Some scientists call their large simulation studies “in silico experiments,” and they have a point. A person running a storm simulation changes a condition — say, the ocean temperature — and watches what the digital storm does. That feels like the same logic as a real experiment: you intervene and observe the outcome.
But critics push back. In a real chemistry experiment, they say, you are manipulating the actual chemicals you care about. In a simulation, you are playing with a model, not the real storm. Yet even that line blurs when you look closely. Biologists experiment on fruit flies not because they care about flies, but because the flies are a model for how genes work in many organisms, including humans. Every experiment uses a stand‑in for the target, at least to some degree. What matters is not whether you touch the real thing directly, but whether the similarities between the stand‑in and the target are strong enough to support the conclusion you want to draw.
So simulations and experiments are not perfectly different. Both need careful arguments that the system you are actually shaking — a fly, an inclined plane, a computer chip running code — tells you about the system you really want to understand. Recognizing this helps us see why trusting a simulation does not require it to be a literal experiment. It requires good reasons to believe that the digital world is a faithful enough mirror for the job at hand.
Why Your Afternoon Forecast Depends on a Web of Make‑Believe

When you check a weather app before heading out, you are leaning on a chain of simulations. They start with global weather models that discretize the atmosphere into giant three‑dimensional grids, approximate clouds with parameterizations, and smooth shock fronts with artificial viscosity. Then they cascade down to finer models that guess whether it will rain on your street.

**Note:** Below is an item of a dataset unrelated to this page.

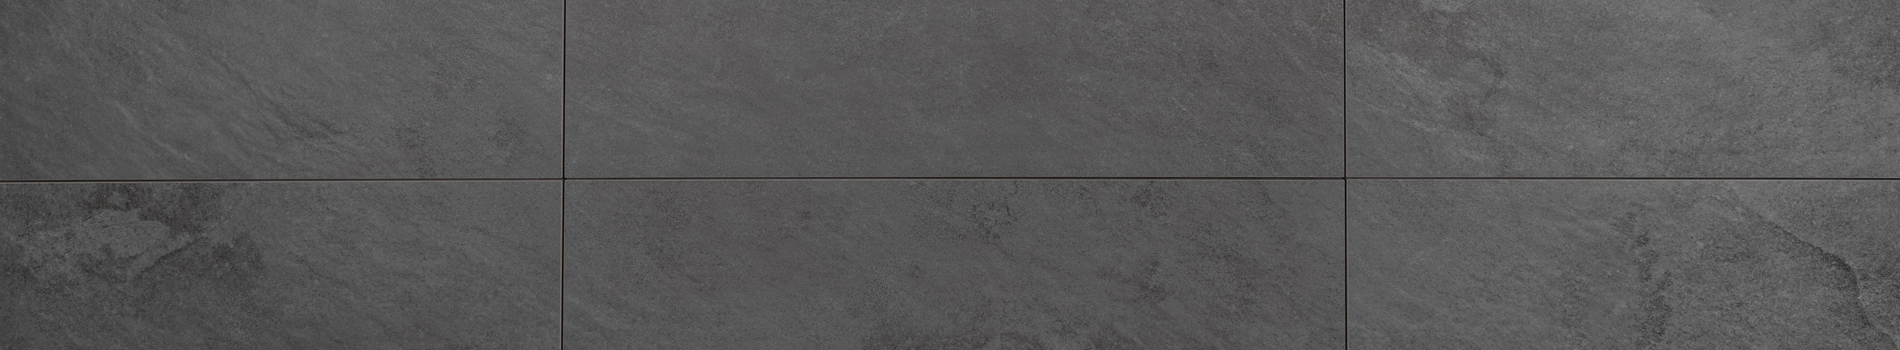 20mm Bodmin Anthracite Design Variation

Every step is full of the shortcuts and fictions we have talked about.
And yet, these forecasts are remarkably good — and they keep getting better. The reason is not that any one piece is perfect, but that the simulation community has built up generations of craft knowledge about which combinations of approximations work reliably. Just as a chef knows that a pinch of salt that does not belong in the original recipe still makes the dish work, simulationists know that a pinch of artificial viscosity can keep a fluid simulation from blowing up, without ruining the big‑picture winds that steer the storm.
The same applies when governments decide how to prepare for climate change, when engineers design an airplane wing, or when epidemiologists model the spread of a virus. All of these choices depend on simulations that cannot be fully checked against reality at the time the decision is made. Understanding that simulations are not clean proofs, but carefully tested fictions, helps you ask the right questions: What shortcuts did they take? What data have they been tested against? Is the purpose of the simulation a rough “what‑if” or a precise “when and how much”? That critical habit is one of the gifts philosophy of science gives you — and it works on your weather app just as much as on the biggest supercomputer.
Think about it
- If a weather simulation correctly warns of a hurricane three days in advance but misses the exact landfall by fifty miles, should we still trust it more or less than a gut feeling? Why?
- An engineer designing a bridge runs a simulation that shows it will survive a strong earthquake. No one has ever built this exact bridge before, so there are no real‑world data. What steps could the engineer take to decide whether the simulation is reliable enough?
- Some simulationists knowingly add a false ingredient (like artificial viscosity) to make the whole model behave well. Is it ever okay to include something you know is wrong in order to get a useful answer? Where would you draw the line?